One more thing to look for could be memory fragmentation, but before that I
would like to ask the experts here for their ideas and experiences and/or
for tools, which could help to find the culprit.

2022-10-04 10:40:50|INFO |__main__ |Execution loop 0 done. GC
> counts = (381, 9, 3); 1 second of application time corresponds to
> 0.06862711906433105 seconds real time.
> 2022-10-04 10:40:51|INFO |__main__ |Execution loop 100 done. GC
> counts = (381, 9, 3); 1 second of application time corresponds to
> 0.08224177360534668 seconds real time.
> 2022-10-04 10:40:52|INFO |__main__ |Execution loop 200 done. GC
> counts = (381, 9, 3); 1 second of application time corresponds to
> 0.08225250244140625 seconds real time.
> 2022-10-04 10:40:53|INFO |__main__ |Execution loop 300 done. GC
> counts = (381, 9, 3); 1 second of application time corresponds to
> 0.10176873207092285 seconds real time.
> 2022-10-04 10:40:54|INFO |__main__ |Execution loop 400 done. GC
> counts = (381, 9, 3); 1 second of application time corresponds to
> 0.10900592803955078 seconds real time.
> 2022-10-04 10:40:55|INFO |__main__ |Execution loop 500 done. GC
> counts = (381, 9, 3); 1 second of application time corresponds to
> 0.12233948707580566 seconds real time.
> 2022-10-04 10:40:56|INFO |__main__ |Execution loop 600 done. GC
> counts = (381, 9, 3); 1 second of application time corresponds to
> 0.14058256149291992 seconds real time.
> 2022-10-04 10:40:58|INFO |__main__ |Execution loop 700 done. GC
> counts = (381, 9, 3); 1 second of application time corresponds to
> 0.14777183532714844 seconds real time.
> 2022-10-04 10:40:59|INFO |__main__ |Execution loop 800 done. GC
> counts = (381, 9, 3); 1 second of application time corresponds to
> 0.15729451179504395 seconds real time.
> 2022-10-04 10:41:01|INFO |__main__ |Execution loop 900 done. GC
> counts = (381, 9, 3); 1 second of application time corresponds to
> 0.17365813255310059 seconds real time.
> 2022-10-04 10:41:03|INFO |__main__ |Execution loop 1000 done. GC
> counts = (381, 9, 3); 1 second of application time corresponds to
> 0.17772984504699707 seconds real time.
> 2022-10-04 10:41:05|INFO |__main__ |Execution loop 1100 done. GC
> counts = (381, 9, 3); 1 second of application time corresponds to
> 0.1955263614654541 seconds real time.
> 2022-10-04 10:41:07|INFO |__main__ |Execution loop 1200 done. GC
> counts = (381, 9, 3); 1 second of application time corresponds to
> 0.20046710968017578 seconds real time.
> 2022-10-04 10:41:09|INFO |__main__ |Execution loop 1300 done. GC
> counts = (381, 9, 3); 1 second of application time corresponds to
> 0.22513842582702637 seconds real time.
> 2022-10-04 10:41:11|INFO |__main__ |Execution loop 1400 done. GC
> counts = (381, 9, 3); 1 second of application time corresponds to
> 0.23578548431396484 seconds real time.
> 2022-10-04 10:41:13|INFO |__main__ |Execution loop 1500 done.
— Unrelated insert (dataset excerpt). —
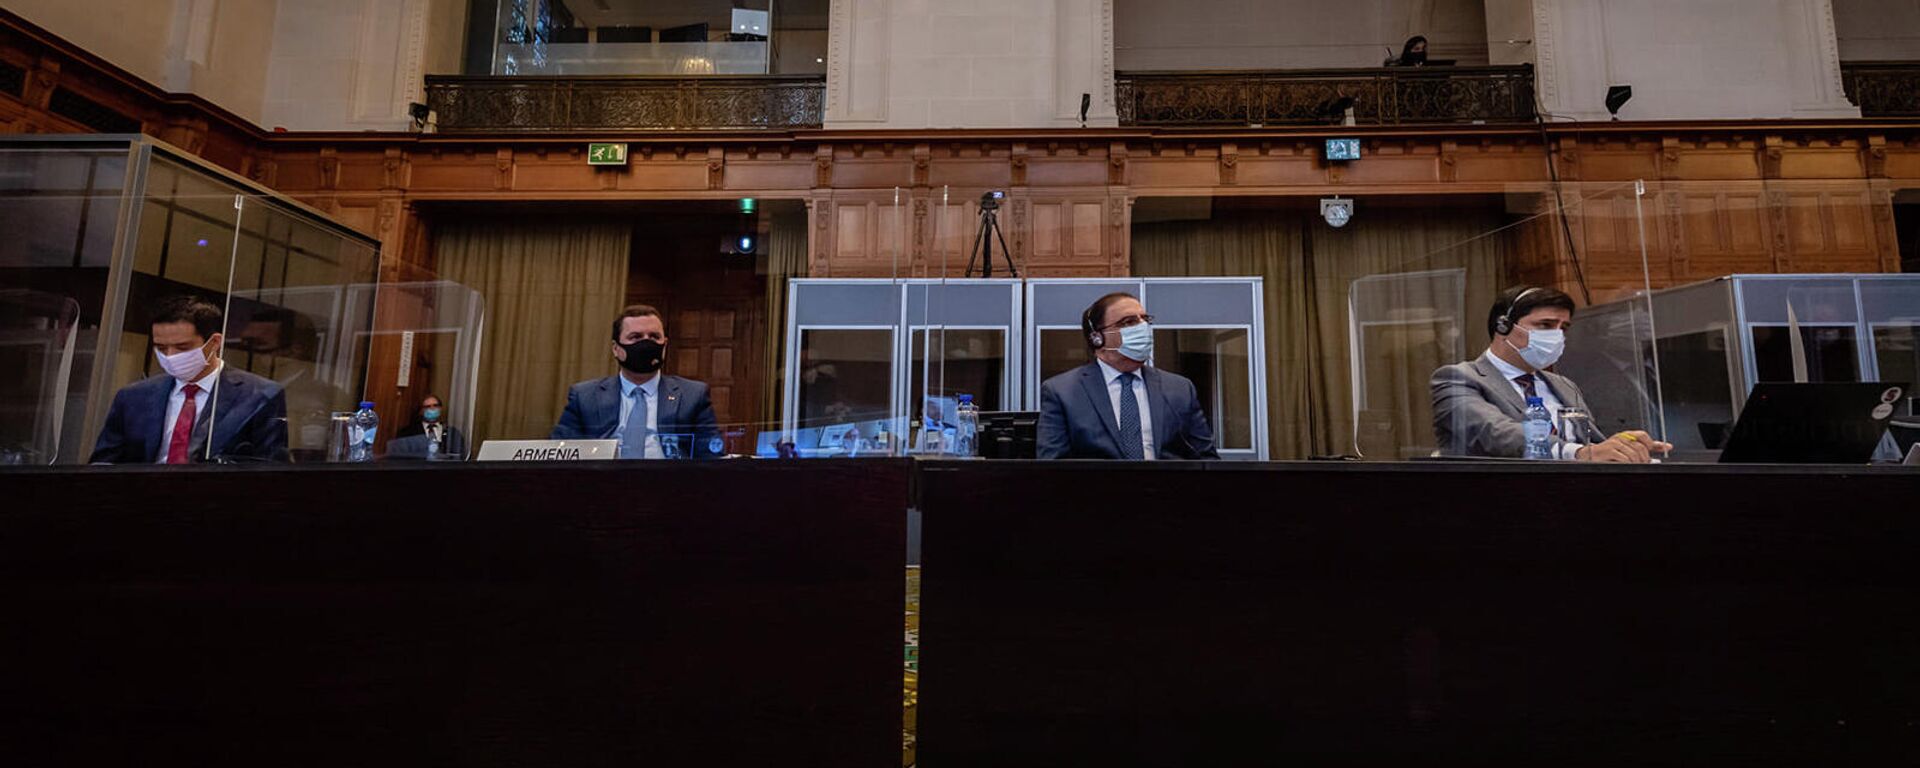 В Международном суде ООН началось слушание по вопросу о неотложных мерах по делу Азербайджан против Армении (18 октября 2021). Гаага - Sputnik Армения, 1920, 18.10.2021

GC
> counts = (381, 9, 3); 1 second of application time corresponds to
> 0.24581527709960938 seconds real time.
> 2022-10-04 10:41:16|INFO |__main__ |Execution loop 1600 done. GC
> counts = (381, 9, 3); 1 second of application time corresponds to
> 0.2541334629058838 seconds real time.
> 2022-10-04 10:41:19|INFO |__main__ |Execution loop 1700 done. GC
> counts = (381, 9, 3); 1 second of application time corresponds to
> 0.26812195777893066 seconds real time.
> 2022-10-04 10:41:21|INFO |__main__ |Execution loop 1800 done. GC
> counts = (381, 9, 3); 1 second of application time corresponds to
> 0.28777456283569336 seconds real time.
> 2022-10-04 10:41:24|INFO |__main__ |Execution loop 1900 done. GC
> counts = (381, 9, 3); 1 second of application time corresponds to
> 0.3005337715148926 seconds real time.
> 2022-10-04 10:41:28|INFO |__main__ |Execution loop 2000 done. GC
> counts = (381, 9, 3); 1 second of application time corresponds to
> 0.30992960929870605 seconds real time.
> 2022-10-04 10:41:31|INFO |__main__ |Execution loop 2100 done. GC
> counts = (381, 9, 3); 1 second of application time corresponds to
> 0.32058119773864746 seconds real time.
> 2022-10-04 10:41:34|INFO |__main__ |Execution loop 2200 done. GC
> counts = (381, 9, 3); 1 second of application time corresponds to
> 0.33020949363708496 seconds real time.
> 2022-10-04 10:41:37|INFO |__main__ |Execution loop 2300 done. GC
> counts = (381, 9, 3); 1 second of application time corresponds to
> 0.34426307678222656 seconds real time.
> 2022-10-04 10:41:41|INFO |__main__ |Execution loop 2400 done. GC
> counts = (381, 9, 3); 1 second of application time corresponds to
> 0.35851263999938965 seconds real time.
> 2022-10-04 10:41:45|INFO |__main__ |Execution loop 2500 done. GC
> counts = (381, 9, 3); 1 second of application time corresponds to
> 0.3664553165435791 seconds real time.
> 2022-10-04 10:41:48|INFO |__main__ |Execution loop 2600 done. GC
> counts = (381, 9, 3); 1 second of application time corresponds to
> 0.3767662048339844 seconds real time.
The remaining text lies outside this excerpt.